Data shown =
______
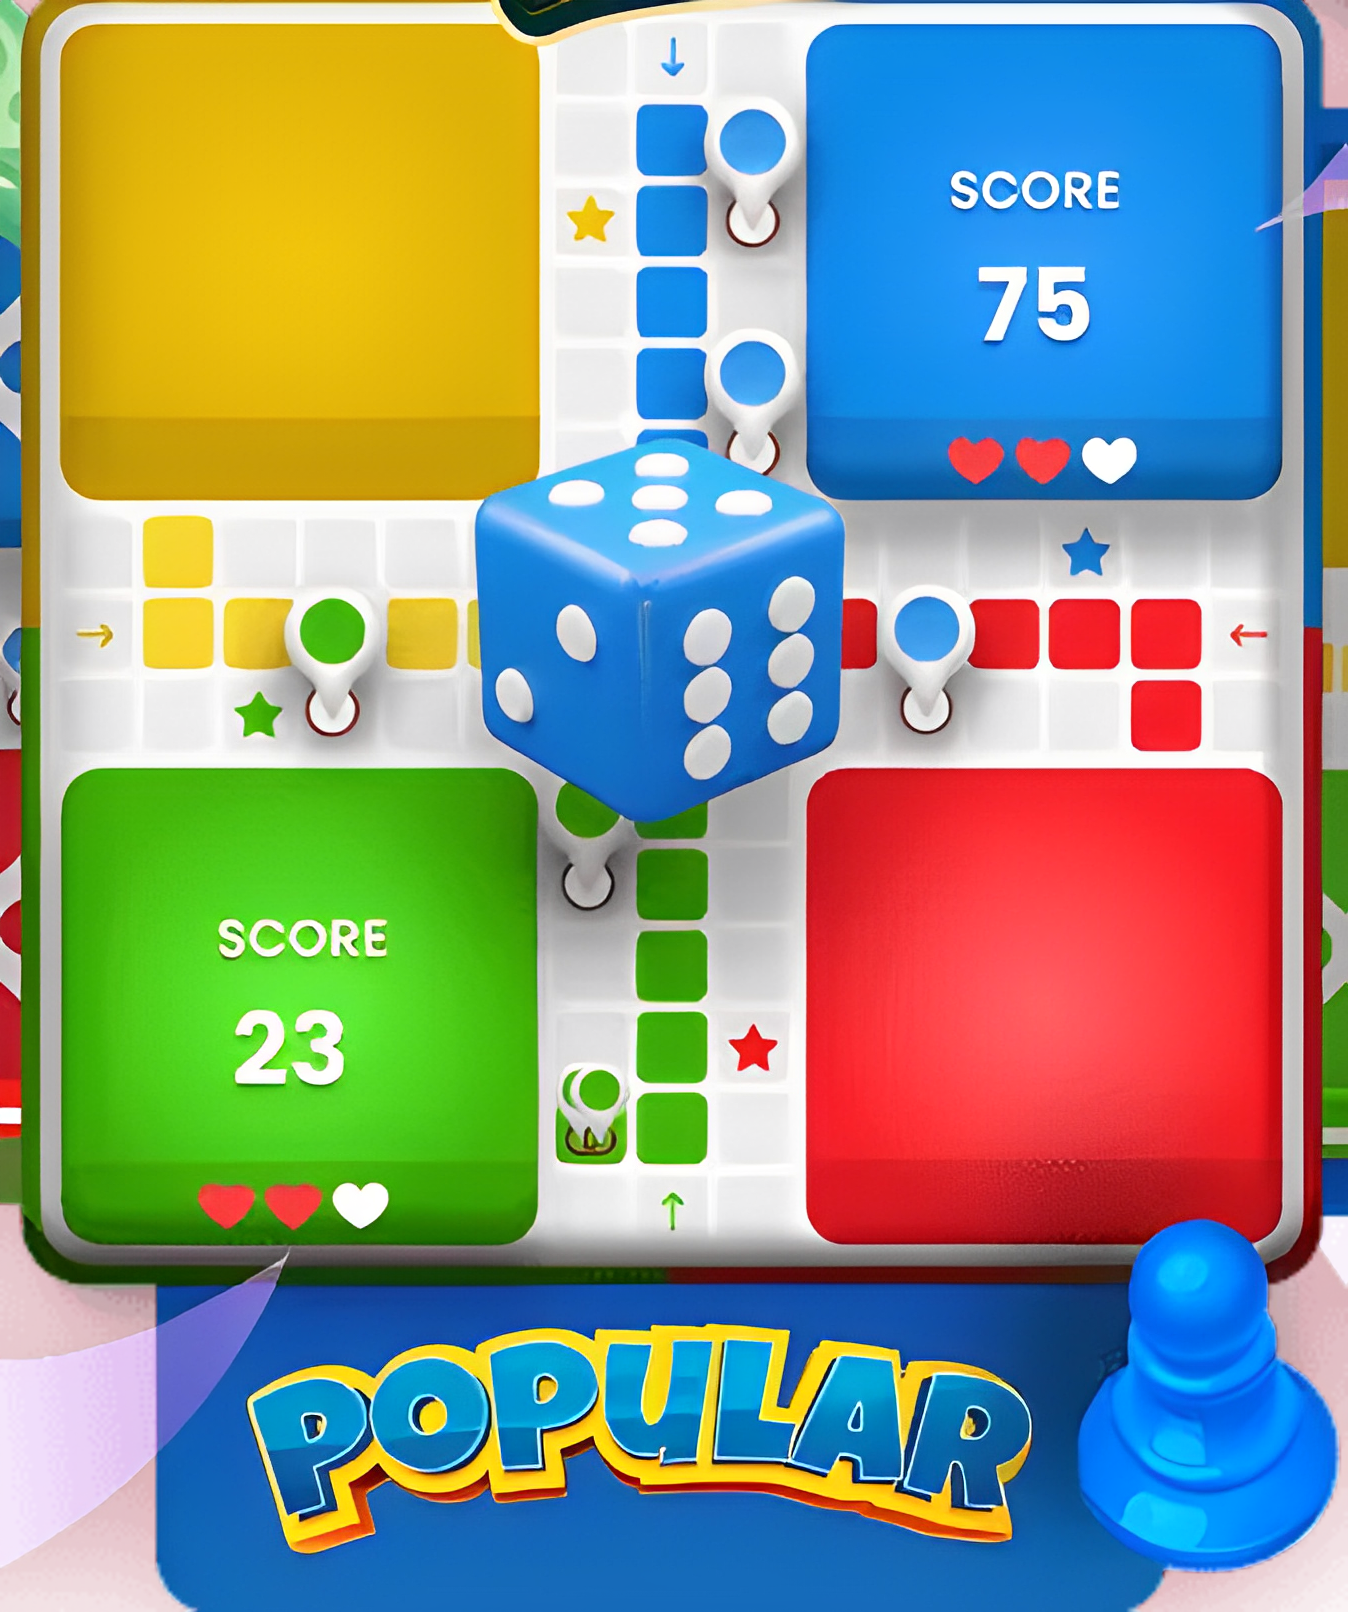 PLAY LUDO ONLINE & WIN REAL MONEY ON LUDO LIVE
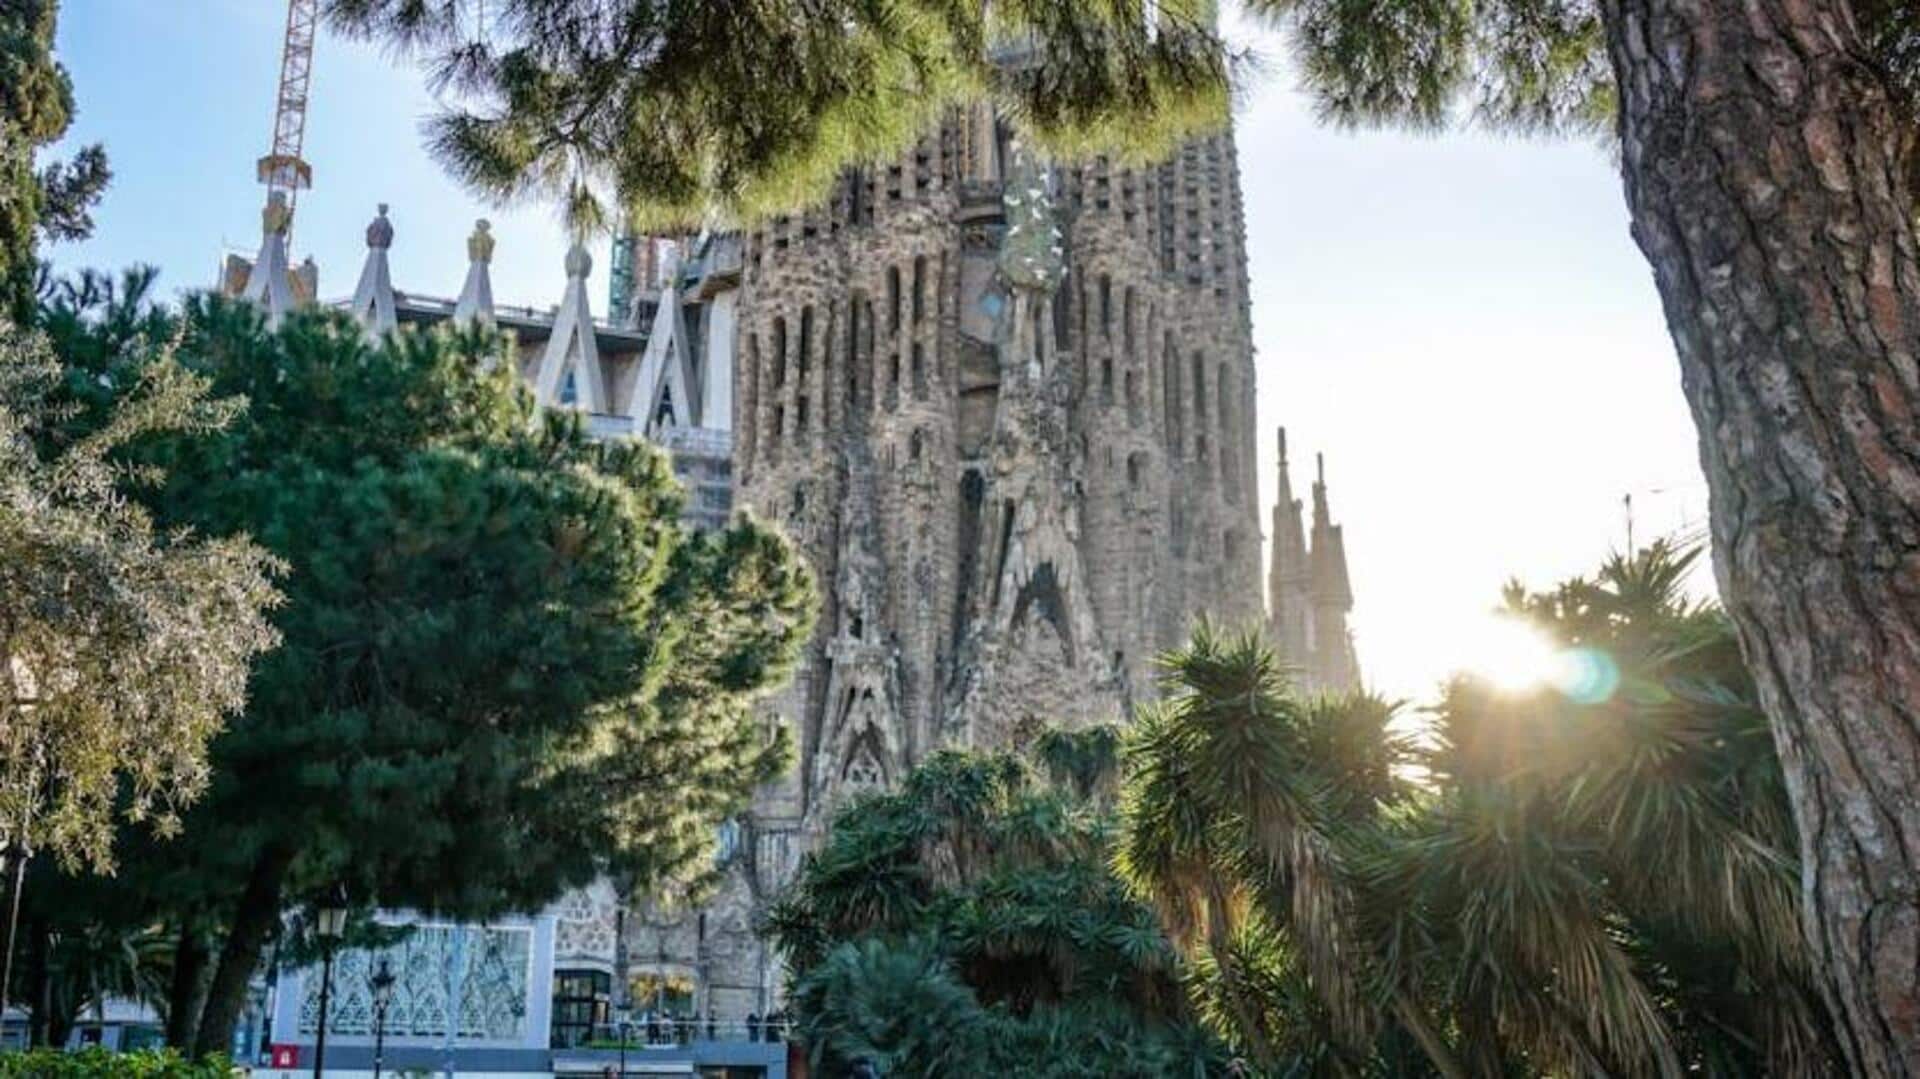 Barcelona's art and architecture are worth adding to your itinerary
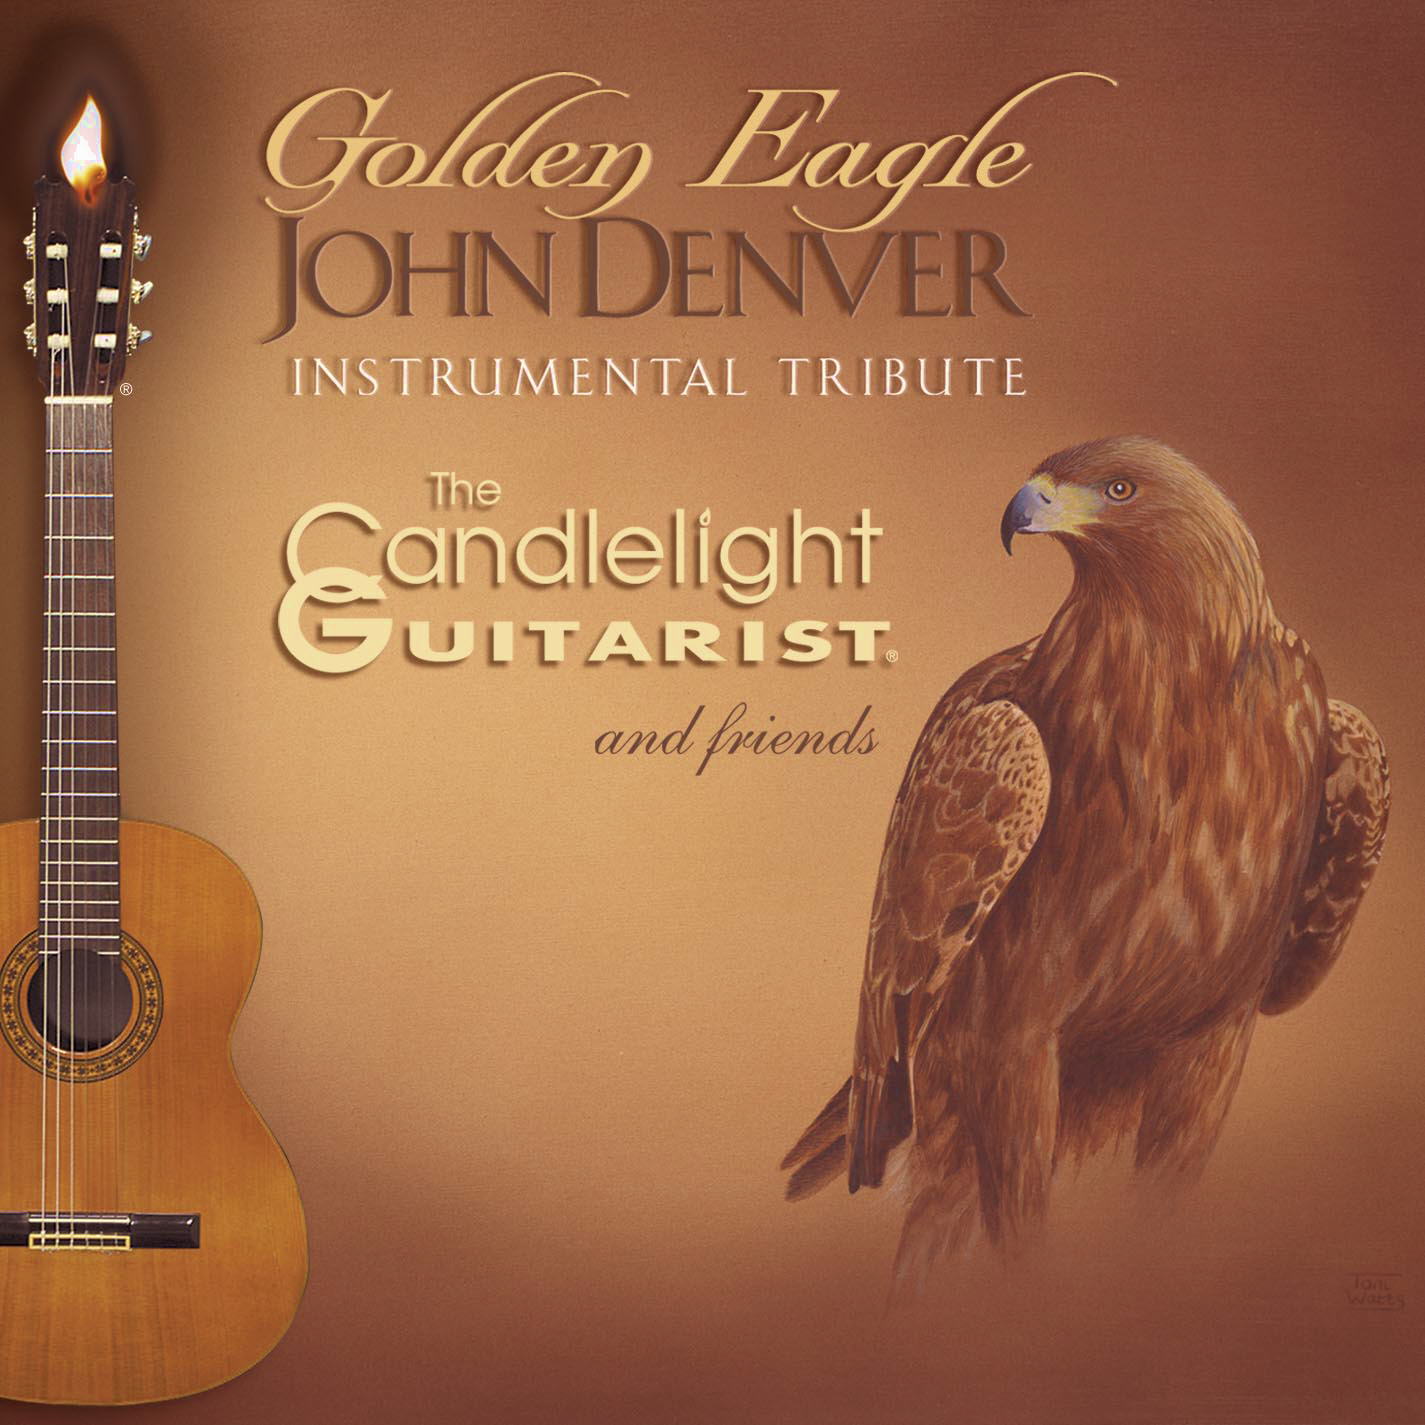 Golden Eagle: JOHN DENVER Instrumental Tribute by The Candlelight Guitarist ® and friends -CLICK TO ORDER CD
______
What is being asked = Reproduce all lines above exactly. Leave the images out.

Solution for this exercise =
 PLAY LUDO ONLINE & WIN REAL MONEY ON LUDO LIVE
 Barcelona's art and architecture are worth adding to your itinerary
 Golden Eagle: JOHN DENVER Instrumental Tribute by The Candlelight Guitarist ® and friends -CLICK TO ORDER CD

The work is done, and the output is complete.